Letting go of the fact you’re inevitably about to spend £20 on a taxi is no easy feat, but do it for your mental state. Nobody wants to be crammed on the 143 after a night at 251. Give it up. It’s okay, we support you.
Newcastle University
Any night that starts off with three for £9 trebs in Market Shaker is destined to be a good one, but when you’re rolling into Jesmond at 5am with no bank cards, bag or dignity, take it as a sign to go on a bit of a detox. You can better yourself as a student over Lent, so make the most of it and stick to a quiet night in instead. Plus, giving up the crippling hangxiety for a month and a bit will be a blessing to your housemates, as well as you. Those post-treb debriefs are never positive.
University of Nottingham
It’s time to give up convincing yourself that Hallwood library is better than George Green. End of. Unless you’re a long term fan of grey brutalist concrete, it’s obvious that George Green is miles better, because who doesn’t find the beauty of the modern glass appealing?

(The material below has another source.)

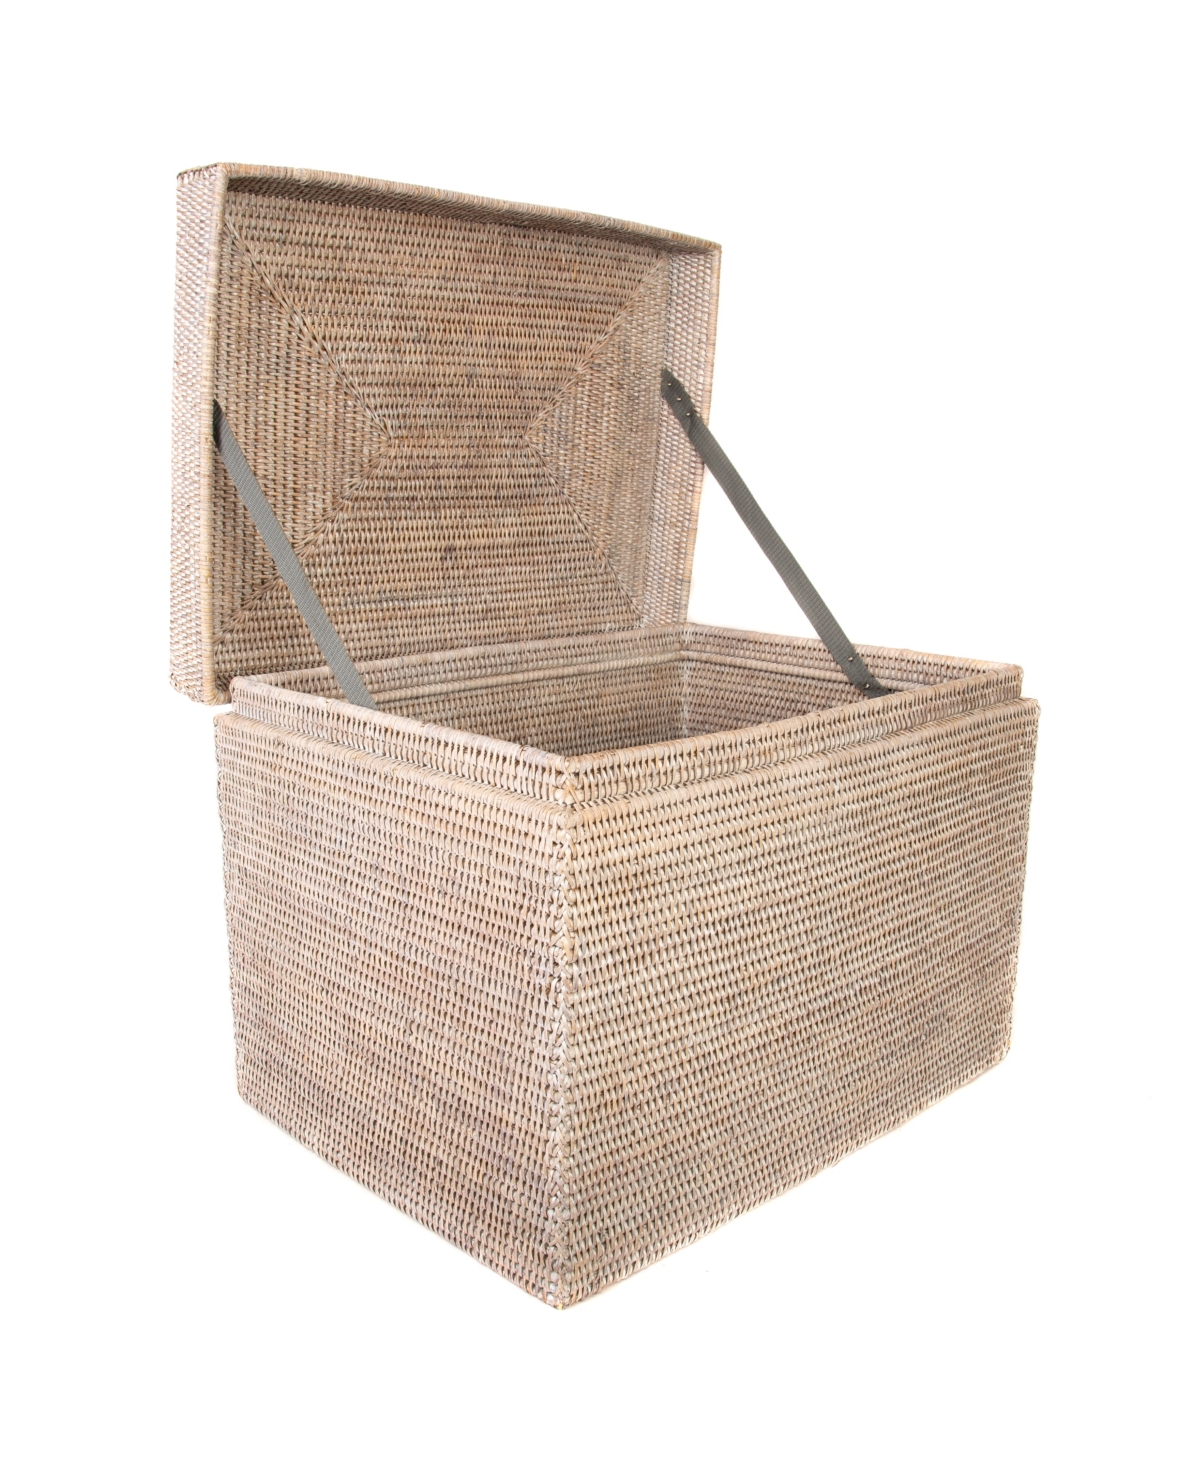 Artifacts Trading Company Artifacts Rattan Rectangular Hinged Chest In Off-white

If you ignore the fact it’s full of STEM students, those bright open floors are enough to make anyone want to pull an all nighter in there. Being Hallwo0d’s number one fan isn’t the flex you think it is, so let go and grow up.
University of Oxford
Oxford students, you may be brave thinking you can avoid the student housing camp out every year, but it might be time to let that determination go. Waiting outside the letting agencies at 2am may well be your last and only resort, so don’t try and rise above it. You’re all in the same boat.
University of Sheffield
There’s no need to convince yourself that climbing the hills around campus is easy anymore. Back in the day, you might have been a naive little fresher that happily logged your strolls on Strava every day, but as the old age starts to hit and you need to stop halfway through your trek for a break, it might be time to drop the Hyrox mindset. Sheffield University students – give yourself a break this Lent.
University of Warwick
Hey Warwick STEM students, stop hogging seats in the FAB! If there’s anything you should give up for Lent at university this year, and probably for the rest of your time at university, it’s invading the only safe space arts students have on campus. They fought for their right to their own building, so go easy on them and clear out of it. We heard the library is perfectly fine – go and give that a go and leave everyone else in peace.
University of York
Out of all the universities, Lent should be the time that York whips itself back into shape. Okay, we get that Long Boi was the best cultural icon to ever come out of a university campus, but as much as we love the tributes, it might be time to let go. It’s only for 40 days – you can easily stop pointing at every duck on campus and claiming that it’s Long Boi’s distant relative. We miss him too, don’t get us wrong, but putting a stop to the mourning might do you some good.